How to Observe RocketMQ Message Lifecycle with OpenTelemetry Metrics
This article explains how RocketMQ's message lifecycle can be fully observed using OpenTelemetry‑based metrics, covering producer, broker, and consumer stages, and shows practical monitoring, alerting, and troubleshooting practices for cloud‑native deployments.
Observability from the Message Lifecycle
RocketMQ stores messages in partitioned queues, enabling many‑to‑many mappings between producers, consumers, and queues, which scale horizontally. Observability is achieved by defining clear metrics for each phase of a message’s life, from sending to consumption acknowledgment.
Message Lifecycle Stages and Relevant Metrics
Send Phase : Time from producer dispatch to broker persisting the message on disk; includes delay for scheduled messages.
Broker Processing : Handling based on message type; supports message piling where delivery follows consumer consumption capacity.
Consumer Pull : Network and server processing time from pull request to client receipt.
Queueing : Wait time for processing resources after the message reaches the client.
Consumption : Time from processing start to commit/ACK.
Each stage can be instrumented, providing a comprehensive set of metrics for monitoring, alerting, capacity analysis, and fault diagnosis.
From Exporter to OpenTelemetry‑Based Metrics
The original RocketMQ 4.x exporter, contributed by the RocketMQ team, exposed broker, producer, and consumer metrics but suffered from several drawbacks:
Inability to monitor new modules such as Proxy introduced in RocketMQ 5.x.

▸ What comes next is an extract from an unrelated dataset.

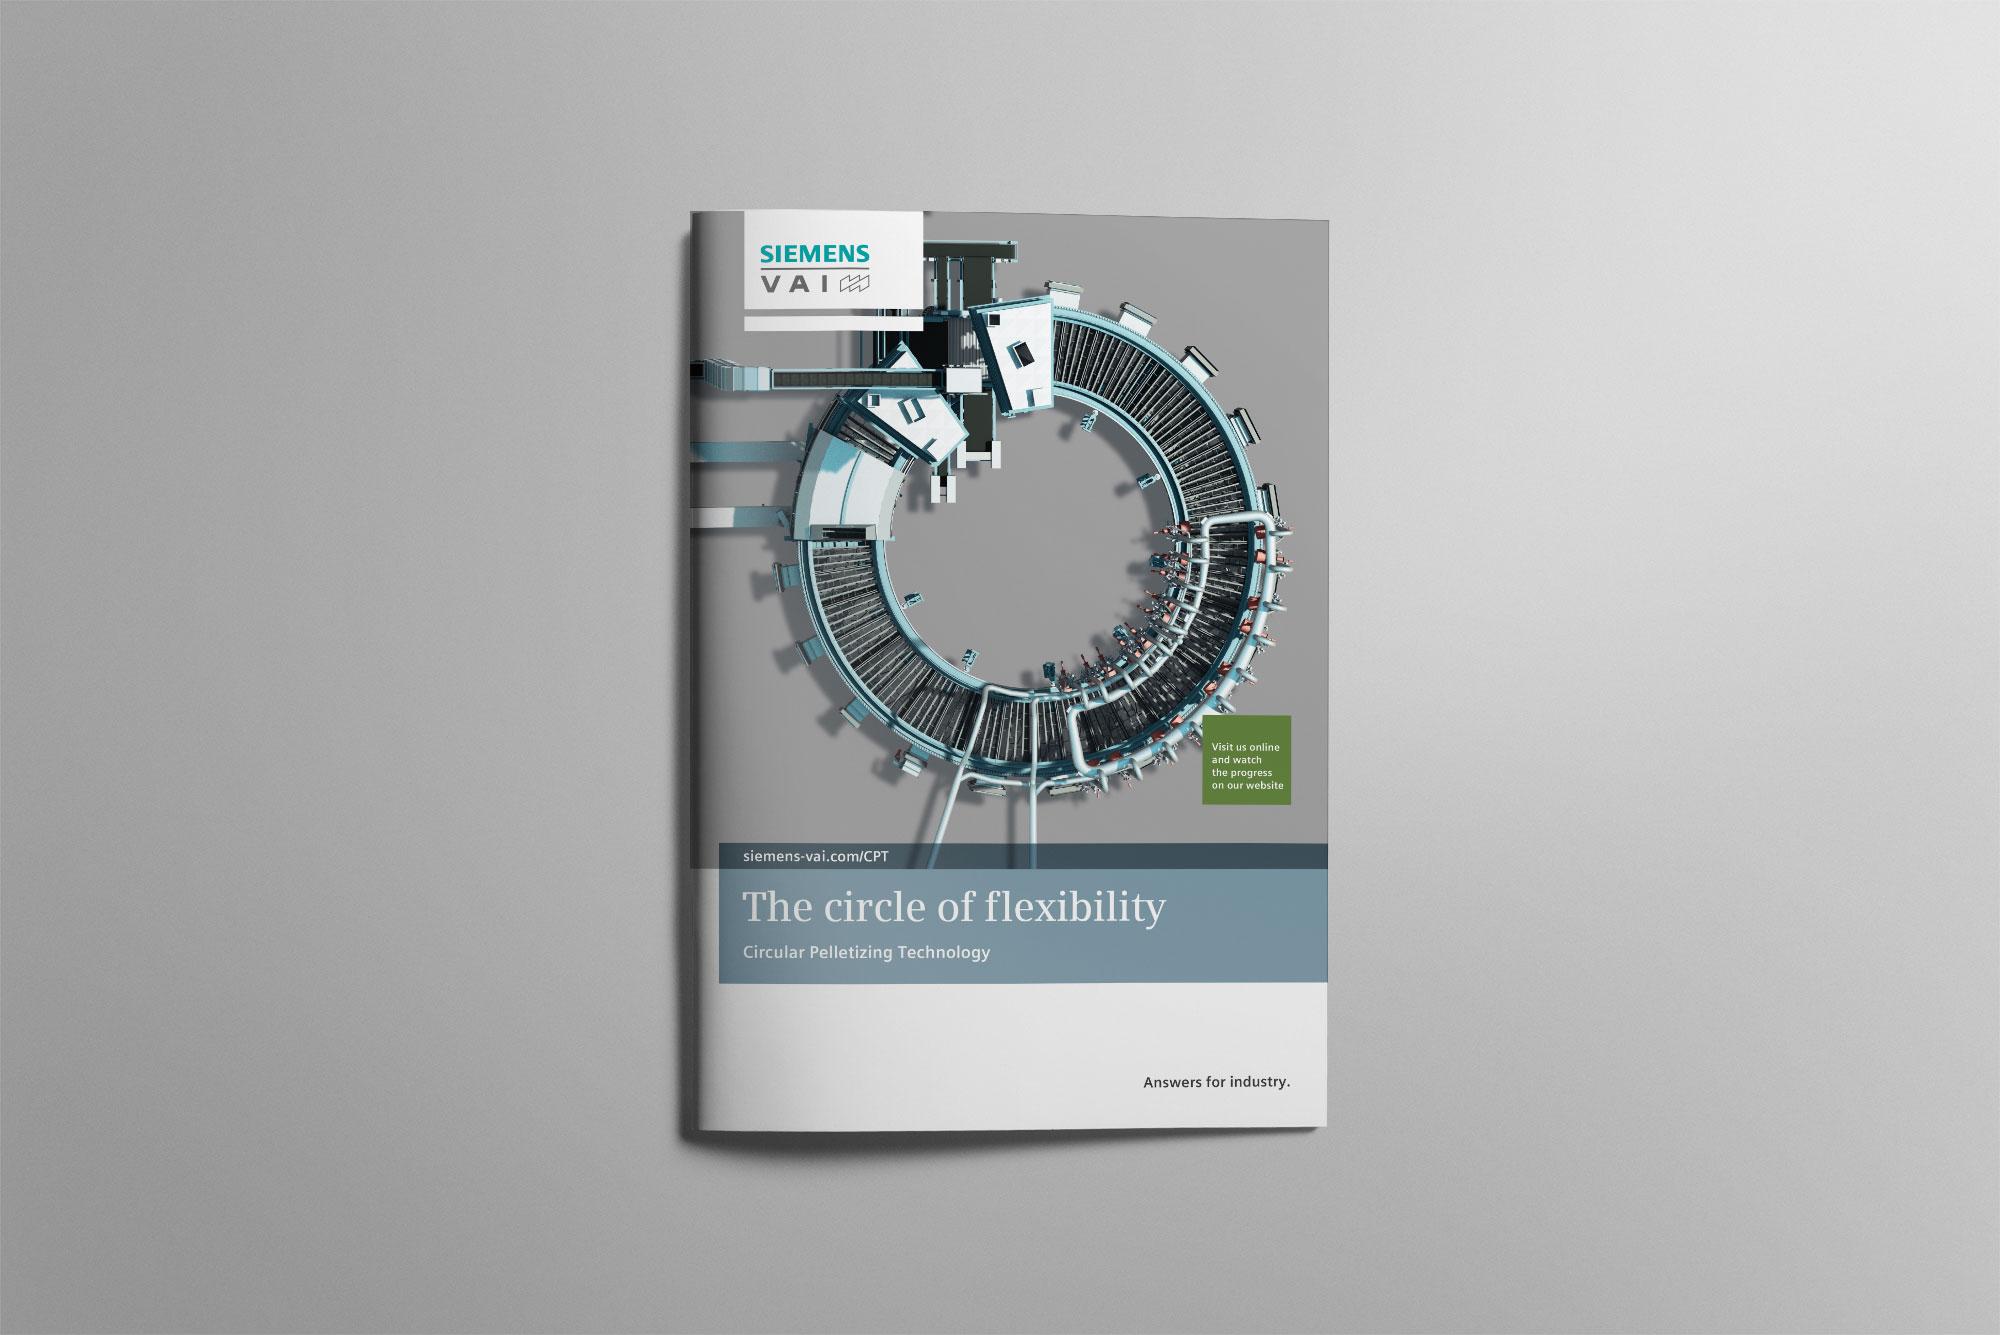 Siemens VAI brochure cover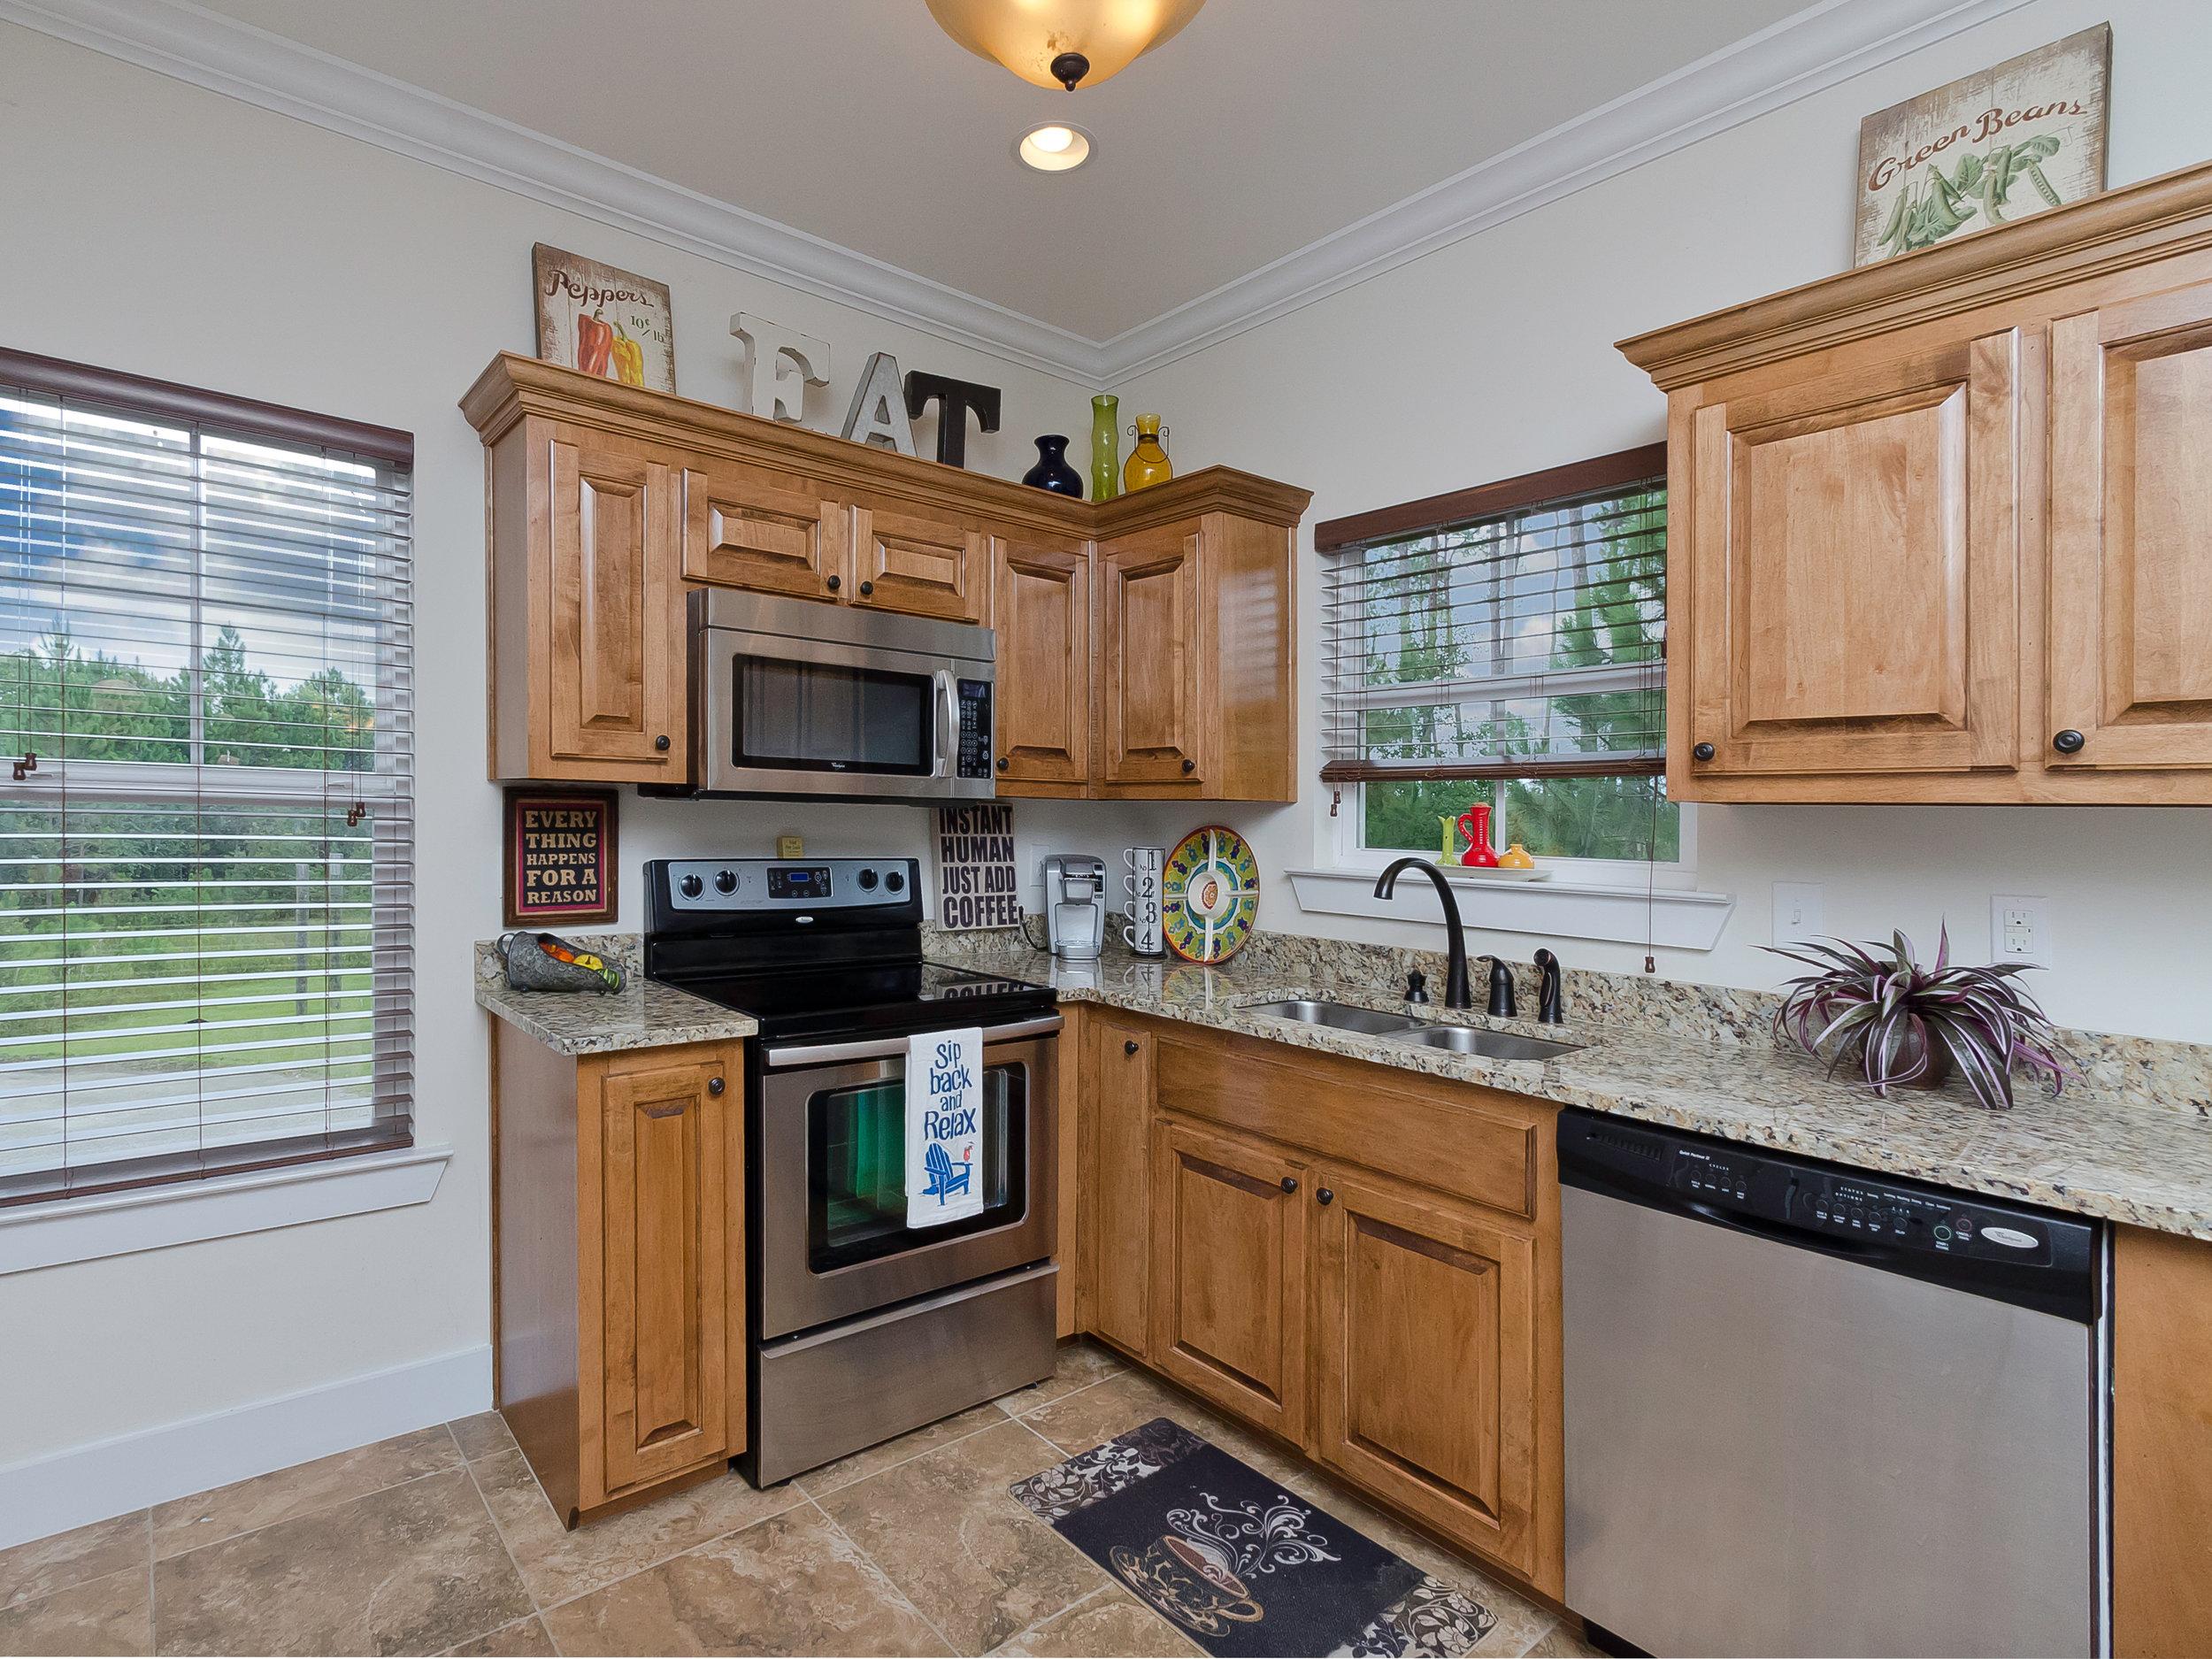 5 Kitchen_JOB3489.jpg

Metric definitions not aligned with open‑source observability standards.
Excessive RPC calls adding load to brokers.
Poor extensibility; adding or changing metrics required modifying the broker admin interface.
To address these issues, the RocketMQ community adopted OpenTelemetry in version 5.x, redesigning metrics with Prometheus‑compatible types (Counter, Gauge, Histogram) and naming conventions. The new metrics cover broker, proxy, producer, and consumer modules, offering full‑lifecycle visibility.
Metric Reporting Modes
Three ways to expose metrics are supported:
Pull Mode : Prometheus scrapes metrics directly from broker/proxy endpoints using Kubernetes service discovery (PodMonitor/ServiceMonitor). No extra components are required.
Push Mode : Metrics are sent to an OpenTelemetry Collector, which can forward them to cloud observability services (e.g., AWS CloudWatch, Alibaba Cloud SLS).
Exporter Compatibility Mode : Existing exporter deployments can consume the new metrics without architectural changes, acting as a proxy for Prometheus.
Building a Monitoring System – Best Practices
After collecting metrics in Prometheus, configure dashboards and alerts. Typical use cases include:
Interface Monitoring : RPC latency (avg, p90, p99), success rate, error reasons, request/response distribution.
Client Monitoring : Connection count, client version/language distribution, message size/type distribution.
Broker Monitoring : Dispatch latency, message retention time, thread‑pool queue depth, message backlog.
These examples illustrate only a fraction of available metrics; users should combine them according to business needs.
Alert Configuration Example
Configure an alert on rocketmq_broker_dispatch_latency to trigger when dispatch delay exceeds a business‑defined threshold. Upon alert, investigate related metrics such as producer failure rate and subscription group creation errors.
Diagnosing Message Backlog Using Metrics
Backlog analysis focuses on two lifecycle stages:
Ready Messages : Messages stored on the broker, awaiting consumption.
In‑flight Messages : Messages already pulled by consumers but not yet acknowledged.
Key metrics:
rocketmq_consumer_ready_messages rocketmq_consumer_inflight_messages rocketmq_consumer_lag_latency rocketmq_process_timeTypical scenarios:
Ready messages rise while in‑flight messages hit the client limit – consumer capacity is insufficient; scale out consumers or increase processing threads.
Ready messages near zero but in‑flight messages grow – often caused by a stuck consumer thread in 4.x clients; examine rocketmq_process_time to locate slow processing.
Ready messages rise while in‑flight messages stay low – consumers are not pulling; check ACL credentials, client hangs, or broker response latency (e.g., disk IOPS saturation).